On March 4, 2008, the NBA Players Association granted Andersen's request to be reinstated as an NBA player. The reinstatement was effective immediately, and the rights to his services belonged to his former team, the New Orleans Hornets, who re-signed him on March 5, 2008, for the rest of the 2007–08 season.

===Return to Denver (2008–2012)===
On July 24, 2008, Andersen signed a one-year deal with the Denver Nuggets. Andersen finished the 2008–09 season second in the league in blocks per game with 2.5 despite playing only 20.6 minutes per game.

On July 8, 2009, Andersen re-signed with the Nuggets on a five-year deal.

On July 17, 2012, the Nuggets waived Andersen via the amnesty clause. Nuggets general manager Masai Ujiri, a friend of Andersen's, reluctantly made the transaction in order to remove $9 million from the team's payroll cap to avoid the luxury tax.

===Miami Heat (2013–2016)===
Before he was waived by the Nuggets, Miami Heat head coach Erik Spoelstra had repeatedly lobbied Pat Riley to acquire Andersen.

On January 20, 2013, Andersen signed a 10-day contract with the Miami Heat.
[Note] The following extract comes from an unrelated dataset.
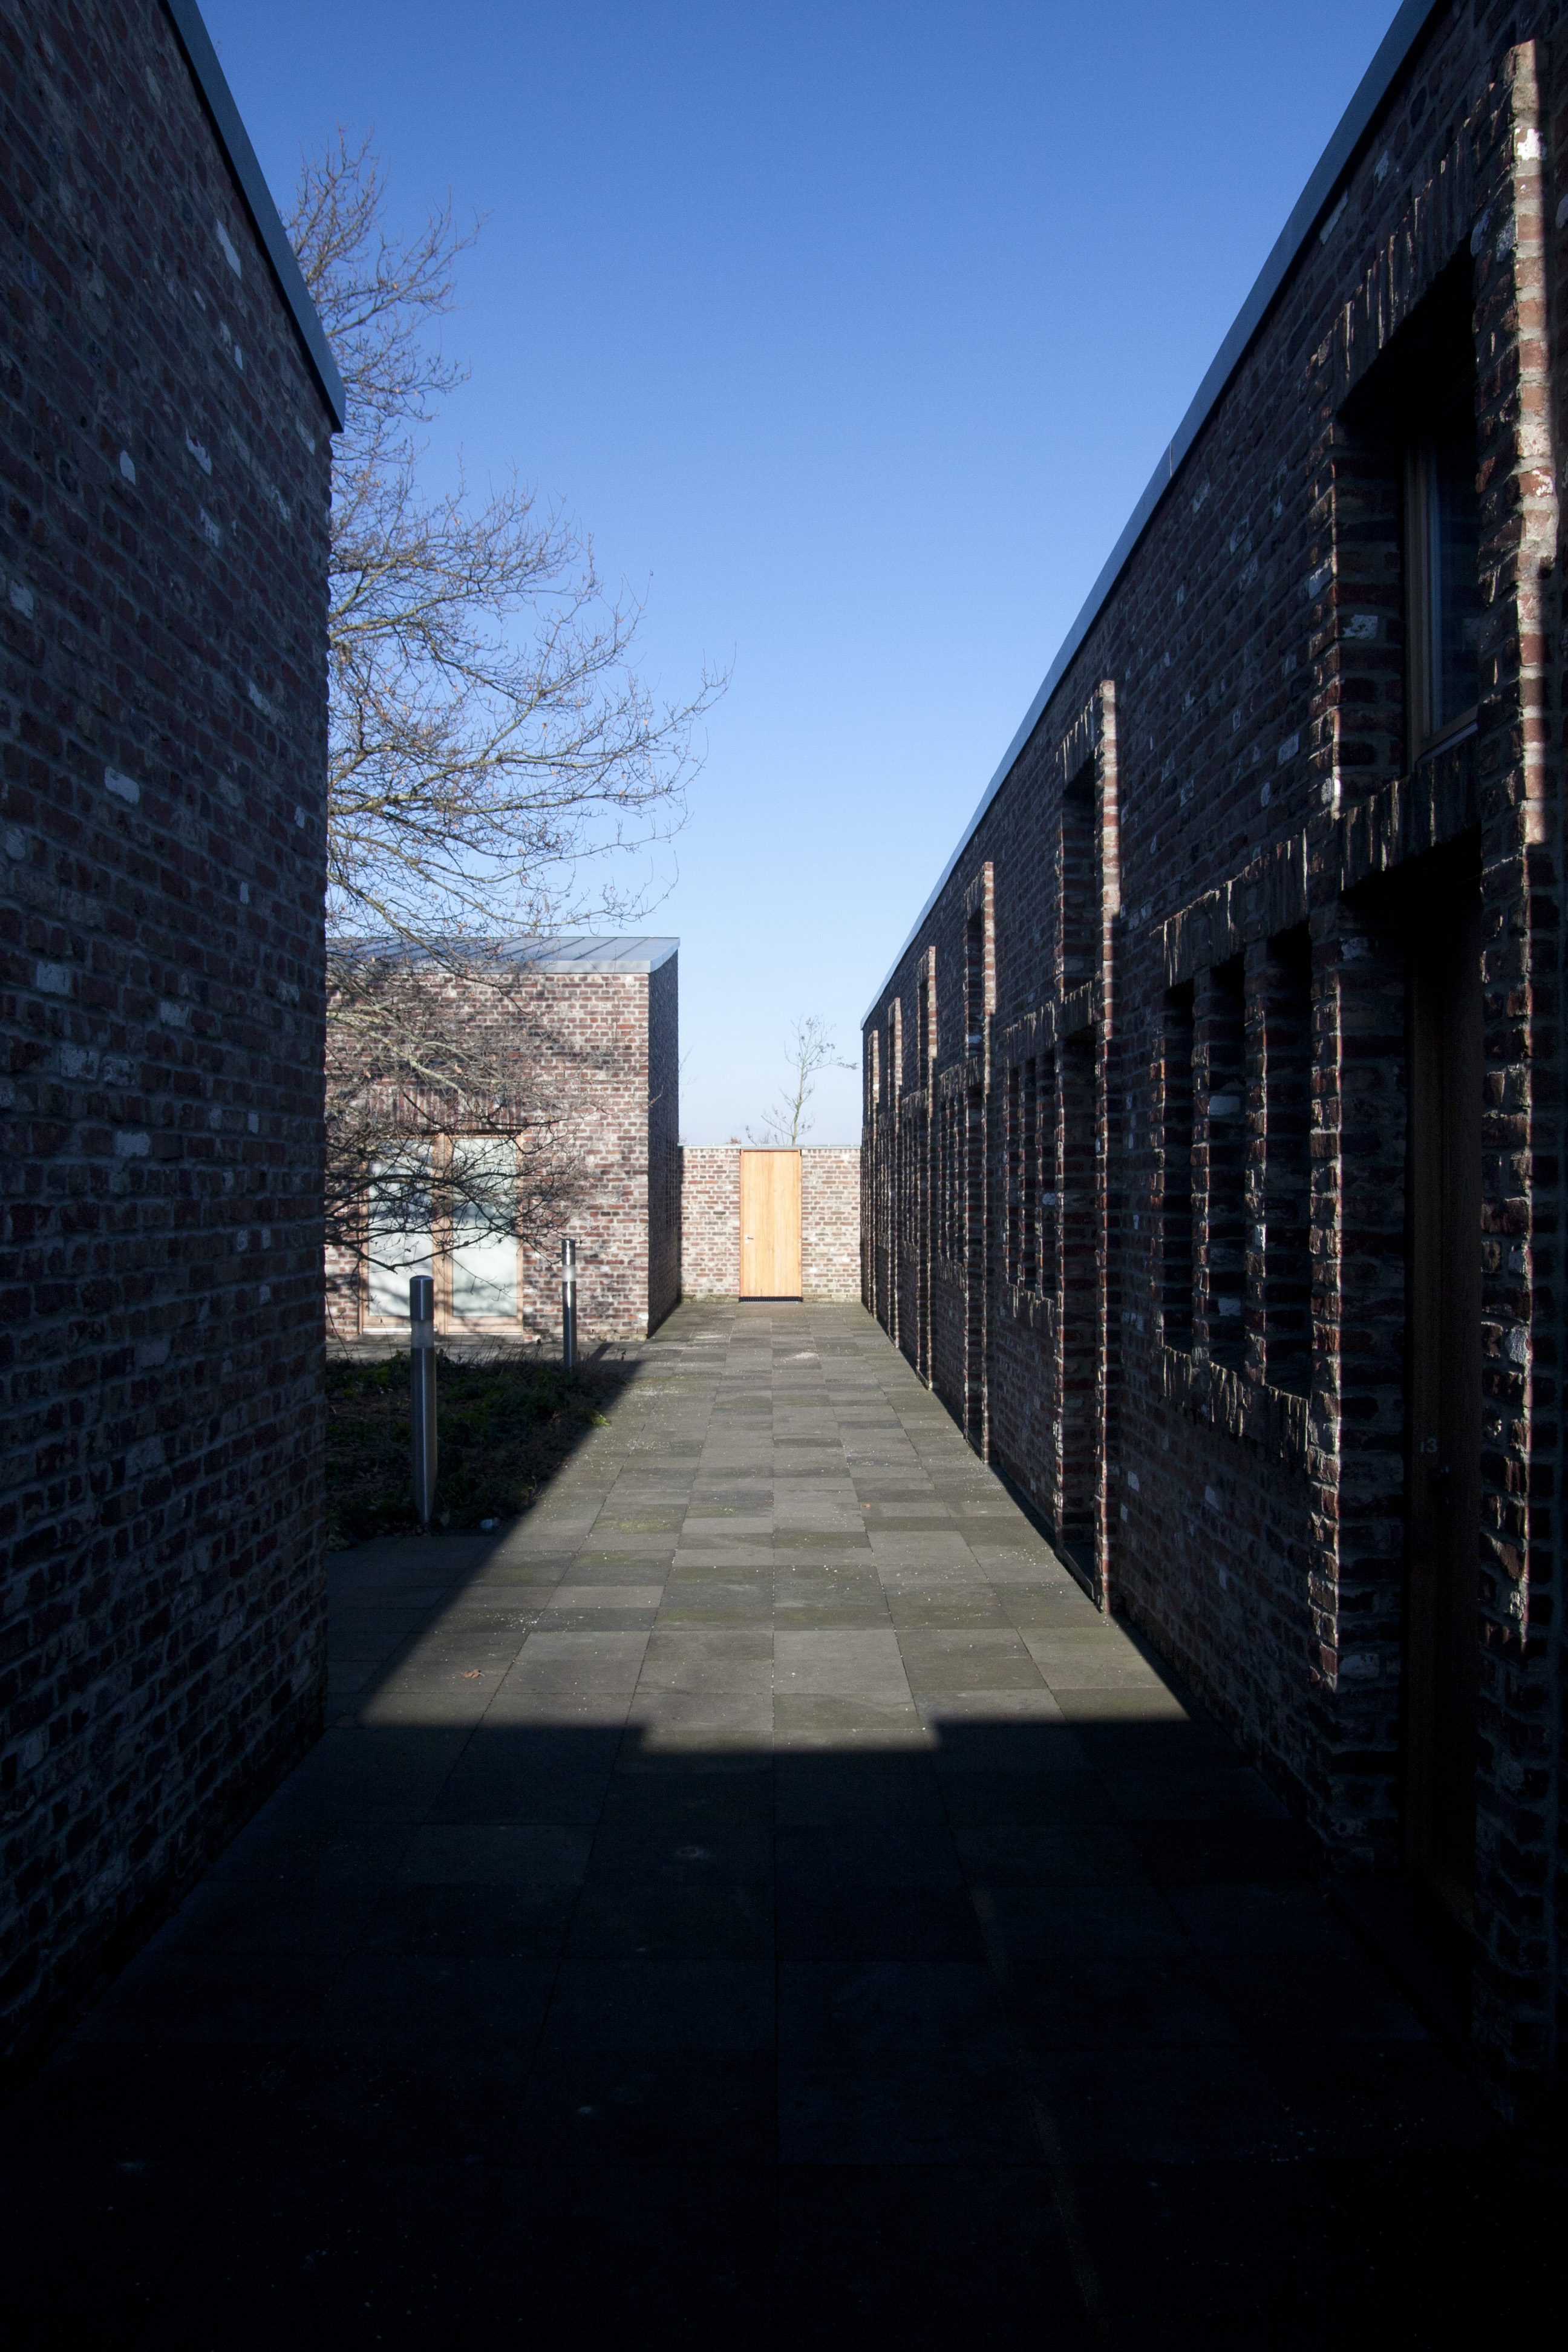 Blick durch den Innenhof des offenen Klosters von Erwin Heerich

He was signed to a second 10-day contract on January 30, and signed for the remainder of the season on February 8, 2013. Andersen played in only 42 games during the 2012–13 season but still contributed to the Heat's success by putting up 4.9 points per game, 4.1 rebounds, and 1 block on 57.7 FG% in 14.9 minutes of play. After he joined the Heat, his team went on a 27-game winning streak, overall going 37–3 in regular-season games in which Andersen played. Andersen also gained legions of fans inspired by his head-to-toe tattoos, Mohawk haircut, and trademark hustle.

Andersen shot 15–15 in Games 1–5 against the Indiana Pacers in the Eastern Conference Finals, including a 7-for-7 performance in Game 1 that set a franchise playoff record, besting the 6-for-6 mark by Alonzo Mourning in 2007. Andersen was suspended for Game 6 of the 2013 Eastern Conference Finals without pay for committing a flagrant foul on Tyler Hansbrough in Game 5.

At age 34, he reached the NBA Finals for the first time in his career. Against the San Antonio Spurs in the deciding Game 7 of the 2013 NBA Finals, Andersen recorded three points, four rebounds, and a block en route to his first NBA championship. With a field goal percentage of 80.7%, Andersen finished the 2013 NBA Playoffs with an NBA Playoffs record for the highest field goal percentage.

On July 10, 2013, Andersen re-signed with the Miami Heat. He played 72 games during the 2013–14 regular season, averaging 6.6 points, 5.3 rebounds and 1.3 blocks per game. On May 26, 2014, before Game 4 of the Eastern Conference Finals, it was announced that Andersen would miss Game 4 and subsequently Game 5 due to an array of nagging aches and pains which he had been suffering for some time. Andersen returned for Game 6, recording 9 points and 10 rebounds as the Heat went on to advance to their fourth straight NBA Finals and Andersen's second. The Heat again faced the Spurs in the 2014 NBA Finals but were defeated in five games.

On July 19, 2014, Andersen again re-signed with the Heat. Over the course of the 2014–15 regular season, Andersen started 20 games, the most in a single season of his career, averaging 5.3 points per game, 5.0 rebounds, and 1 block on 58.0 FG% in 18.9 minutes of play.

===Memphis Grizzlies (2016)===
On February 16, 2016, the Heat traded Andersen and two second-round picks to the Memphis Grizzlies in a three-team trade also involving the Charlotte Hornets. Three days later, he made his debut for the Grizzlies in a 109–104 win over the Minnesota Timberwolves, recording four points, three rebounds and one block in 11 minutes. In what would be the final postseason of his career, Andersen made his first career playoff start in a first round sweep at the hands of the San Antonio Spurs.

===Cleveland Cavaliers (2016–2017)===
On July 22, 2016, Andersen signed with the Cleveland Cavaliers. On December 16, 2016, he was ruled out for the rest of the season after suffering an ACL tear that required season-ending surgery.

On February 13, 2017, the Cavaliers traded Andersen and cash considerations to the Charlotte Hornets in exchange for a 2017 protected second-round pick. He was immediately waived by the Hornets upon being acquired.

==Big3 career==
On March 23, 2018, Andersen was reported to have signed a contract with the Big3 to join the draft pool, making Andersen draft eligible in the Big3.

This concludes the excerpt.